Call it what you want: a paradigm shift, a cultural revolution, evolution; it’s all the same. We’re changing. And change is a really hard thing to deal with, especially when you are so used to things. The thing is, now we are used to things instantly, immediately, and patience is a rare find. All we want is more, more, more, and with all the damned information on the Internet, we can get more, more, more. And now we are overindulged, emotionally unstable (okay, maybe thats just me…but I swear the technology is coming for you next), impatient, socially awkward (okay maybe that’s just you…but I’m getting there), transitioning people who kant spel 4 shyt cuz we R 1337 lyk DaT yA HeRd?!one11!~!z/

[people who cannot spell for shit because we are elite like that, have you heard?!one11!~!z/]

What is this world coming to? Lol, I’m not a pessimist when it comes to technology, though. In fact I want to embrace it, I really do. It is where we, collectively, are moving. Which direction no one knows, but its in that general area over yonder, but not too far yonder. Everything is online, in the cloud, available over the air. It’s scary sometimes, sure, but, that fear will subside. The vast majority of people have no qualms with putting all their personal information online — Facebook, linked in, etc. (the respectable sites) and MySpace and the dating sites (arguably less respectable, but I can’t judge), and if they do have qualms, they sure are quick to get over them and get on those websites. Our society’s idea of privacy is changing, and in nuanced areas the issue of privacy always comes up: health care, RFIDs (in drivers licenses for example), personal info sold to advertisers, gmail reading your email, machines knowing more about you than you do, people having the ability to literally know all about you, from miles, or countries, or continents, away. Scary, yes, but also fascinating. We’re at the beginning of the end of the beginning of this transition/paradigm shift/revolution/evolution to an information society — and you damn well best not try and fight it, n00b muthafuxor. Or you’ll get pwned.

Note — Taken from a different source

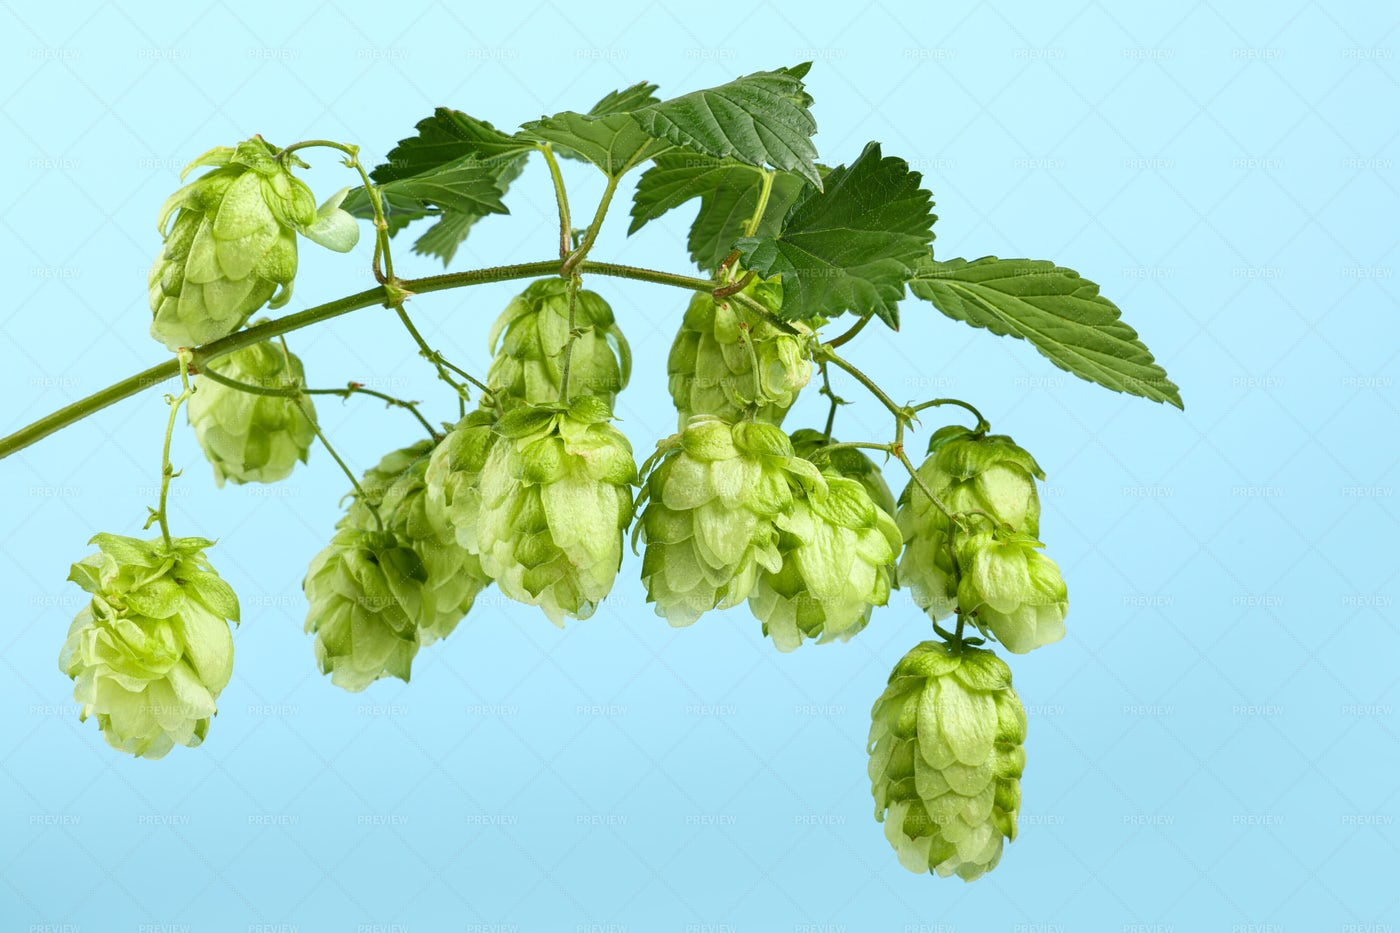 Green Hop Bine Branch: Stock Photos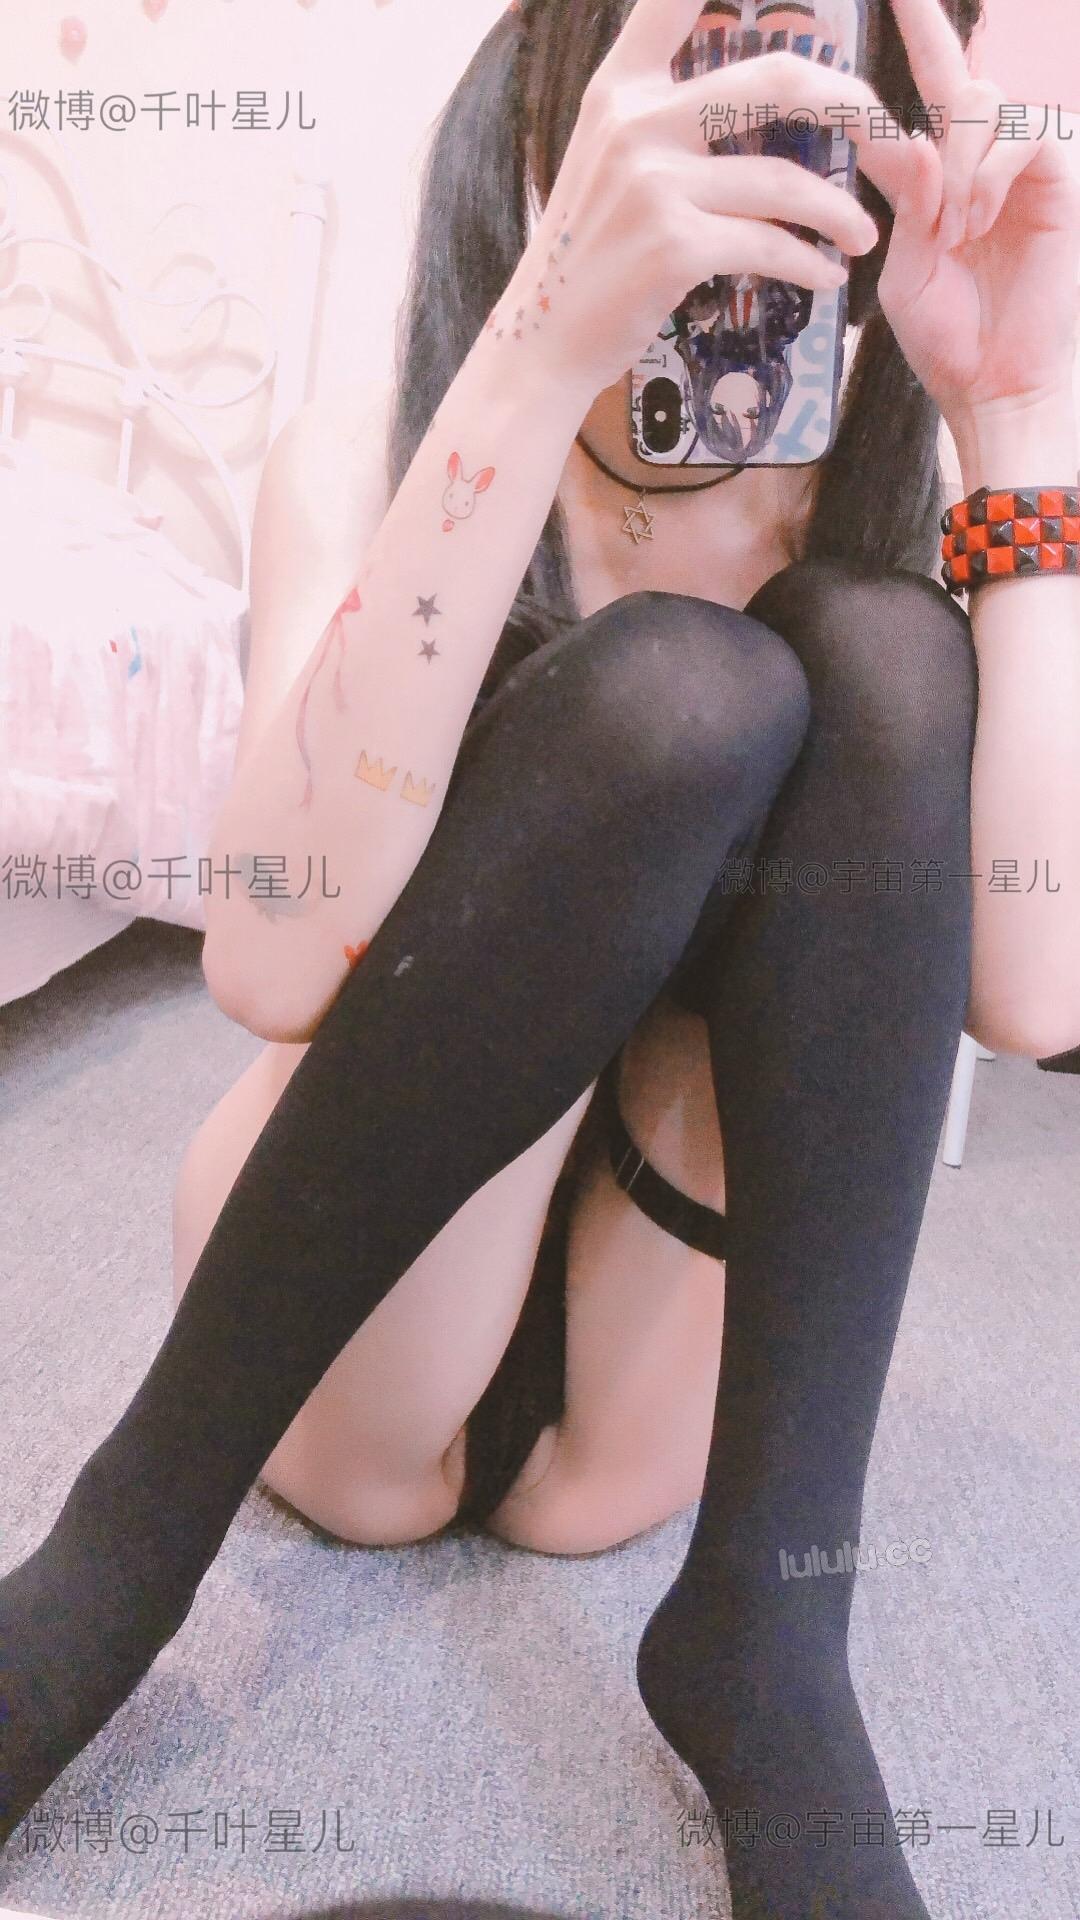 983 - Cute sweet girl 千叶星儿 005 Preview version

I kind of don’t see the point in this meta-analysis of new media. There is no secret to it — it is all about creativity and innovation. But there are no rules for creativity and innovation. The only rules in place that are pushing and pulling at new media are the laws we have governing intellectual property, privacy, communications, advertising, antitrust to an extent.
These laws, though, were not designed with the potential of the Internet/new media in mind. They were designed with the interests of maintaining the old paradigm in mind, because that’s what companies (a/k/a the ones with the money) want(ed). My interest of course is in how the intellectual property regime we have (only insofar as copyrights and trademarks go, because patent law scares me) is not suited, or even apropos, for the media and medium that are dominating the markets. Sure we have some non-new media that is still a steady part of our lives – but those medium are evolvig. Take the DVD and on-demand television for example. Even home telephone service (<–this sounds so awesome, by the way) is now a new media event. The point is, our policy foundations are not allowing new media to achieve its full potential. It is not hard to change: just changing IP policy would create a vastly different environment for media. Changing privacy policy would be harder since it legal basis is always being wrestled out. Communications law needs just as much an overhaul as IP, but again, a change in one would help new media regardless of a change in the other.

Looking back on this class, though, I appreciate how I was given the opportunity to produce some works that I probably would not have taken it upon myself to produce on my own. Making a image based blog post and a podcast, while somewhat tedious work, and someone still “academic” rather than “fun”, taught me a lot. Not necessarily about what makes a great image-argument or enjoyable podcast, but at least how to make it, how to think about it, and those are experiences that I can use later in life. Simple familiarity with new media is the short first step in learning and understanding new media. One class is not enough to make any one of us any sort of expert. This is most obviously because of the extreme time constraints and other academic restraits we were under, but it is also because none of us in that room were decidedly experts. It was a learning experience for all of us, and I think that being new media neophytes (even I will admit to not being as learned in new media technology as I come off) limited us in our being able to learn and master the new media that we tackled. People don’t get “taught” how to blog, people discover it, and while they make “learn” from other bloggers and the blogosphere just by immersing themself in it, working in a new media environment is not something that is yet steadfastly defined. And I think that partly the allure of new media, is that those that choose to immerse themselves in it, and create, innovate, produce, and work in it, are not constrained by too many norms and rules. New media is free expression. Still impressionable, and so able to impress on its consumers.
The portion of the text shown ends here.